NAKED LUNCH
In the zone
RELEASED OUT NOW! 1991 | 18 | Blu-ray (4K/standard) Director David Cronenberg Cast Peter Weller, Judy Davis, Ian Holm, Julian Sands
How do you film an unfilmable novel? William Burroughs’s cult 1959 book is really just a series of vignettes. A faithful adaptation would also be banned all over the world (chapter nine would do it…).
David Cronenberg’s solution: take elements from it plus earlier works like Queer and Junkie, then add aspects of the writer’s life (like the day he shot his wife dead in a drunken game), and a noirish thriller throughline. The result: a Brundlefly fusion of the author and the director’s sensibilities.
Thick with kink and deadpan black humour, the film drifts between reality and hallucination.
Peter Weller is author surrogate William Lee, who decamps to Interzone (an analogue of Burroughs hangout Tangier), recruited to infiltrate the drug trade. It’s a shame that, due to the Gulf War, location filming in Morocco fell through – it all feels very stage-bound. Otherwise, there can be few complaints.
Weller, a Burroughs fan who lobbied for the role, plays Lee with laconic detachment, aceing some classic routines. Key innovations (like a giant bug/typewriter that speaks through a sphincter-like orifice) are imaginatively grotesque. And the score is stunning, wedding Howard Shore’s orchestral compositions to Ornette Coleman’s squalls of improvised saxophone, to suitably strung-out/dissolute effect.
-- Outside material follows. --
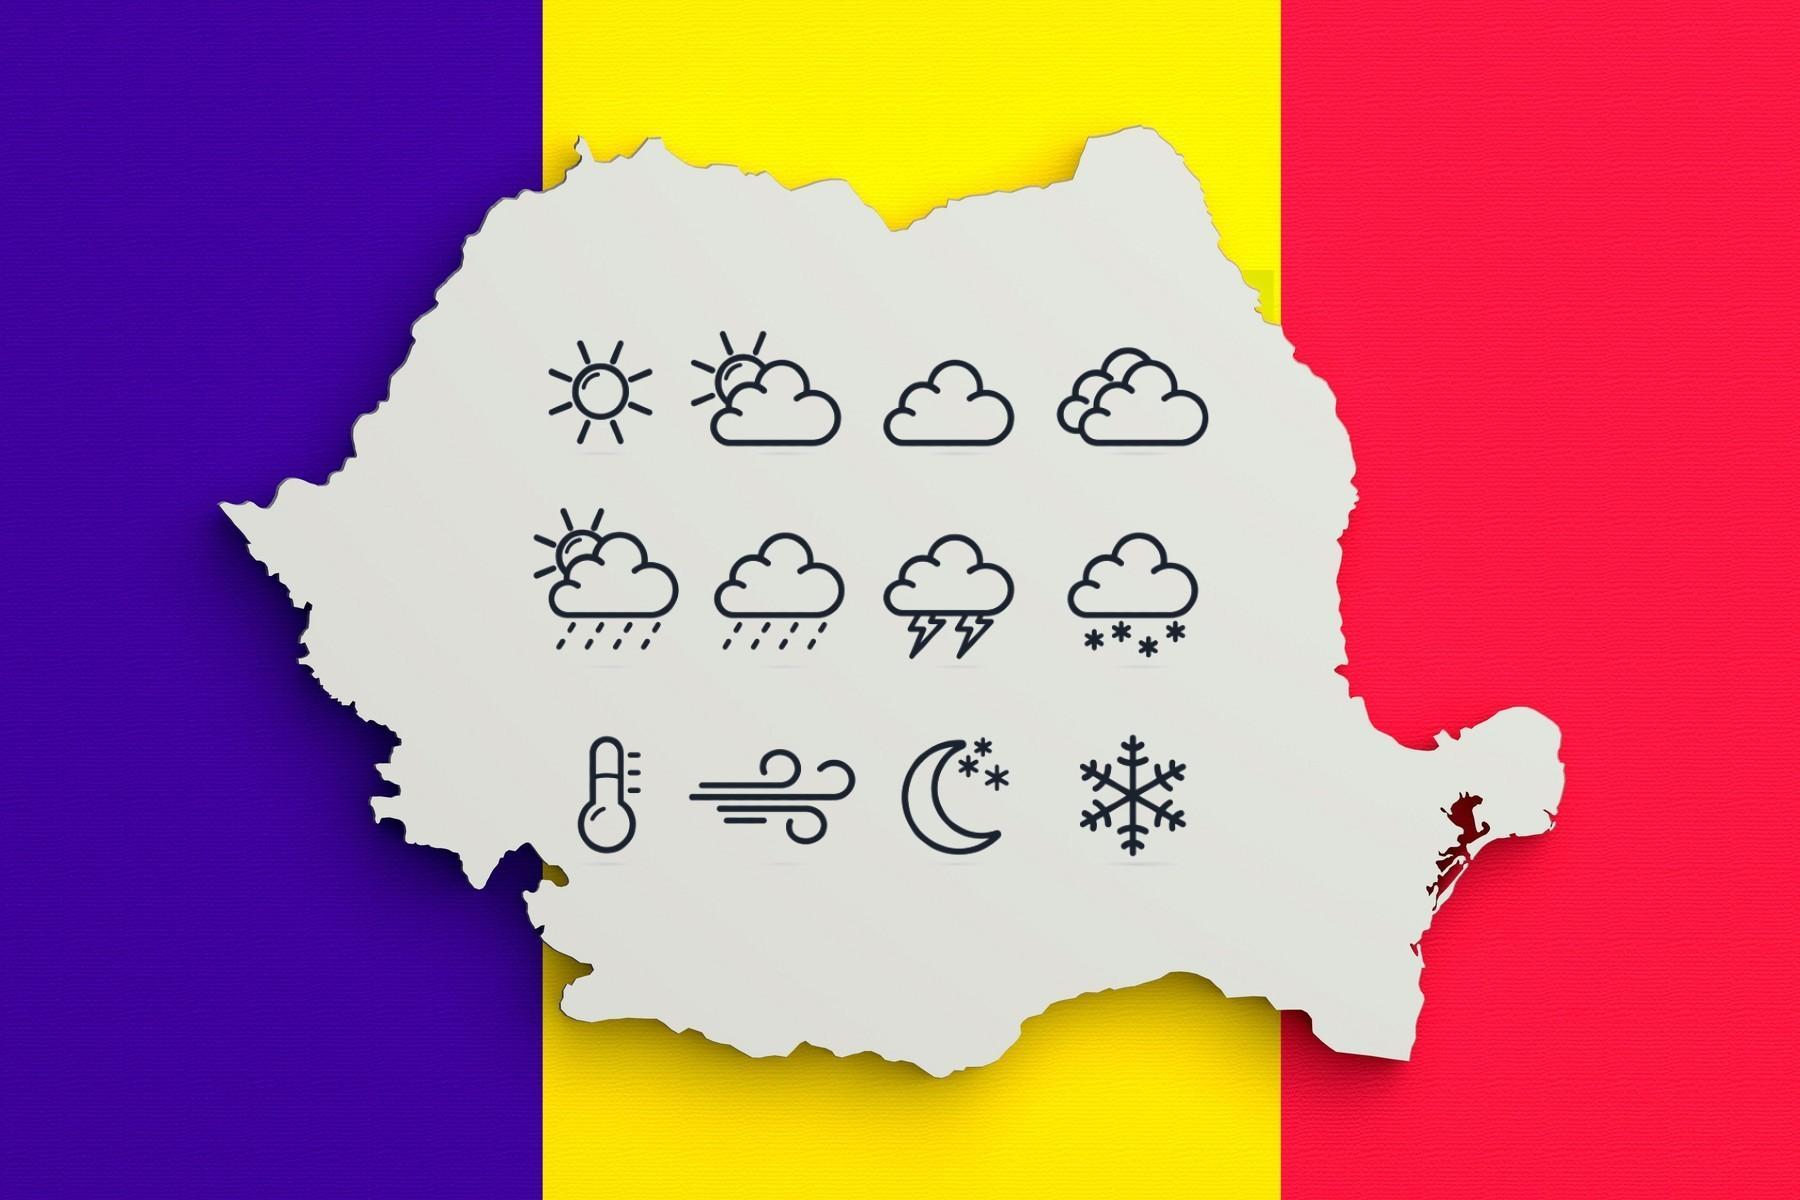 Prognoza meteo 5 septembrie 2021. Cum va fi vremea în România și care sunt previziunile ANM pentru astăzi

Extras A fascinating hour-long Weller interview sees the actor speaking eloquently and with great passion about his admiration for Burroughs (and sharing a wild acid trip story). “Naked Making Lunch” (55 minutes, 1992), is a solid TV doc which includes on-set footage and interviews with the author and director. Of four more interviews (62 minutes), only effects guy Chris Walas’s is of note. There’s also an hour-long talking head on Burroughs, a decent “visual essay” (28 minutes), and some score chat (31 minutes). An old Cronenberg commentary is rather sporadic, but informative enough to make a new critical track feel redundant. Plus: trailer; galleries; 80-page book; poster; postcards. Ian Berriman
Cronenberg and Weller later gifted the cat-loving Burroughs a Korat kitten (a grey pedigree breed). He named it Boy.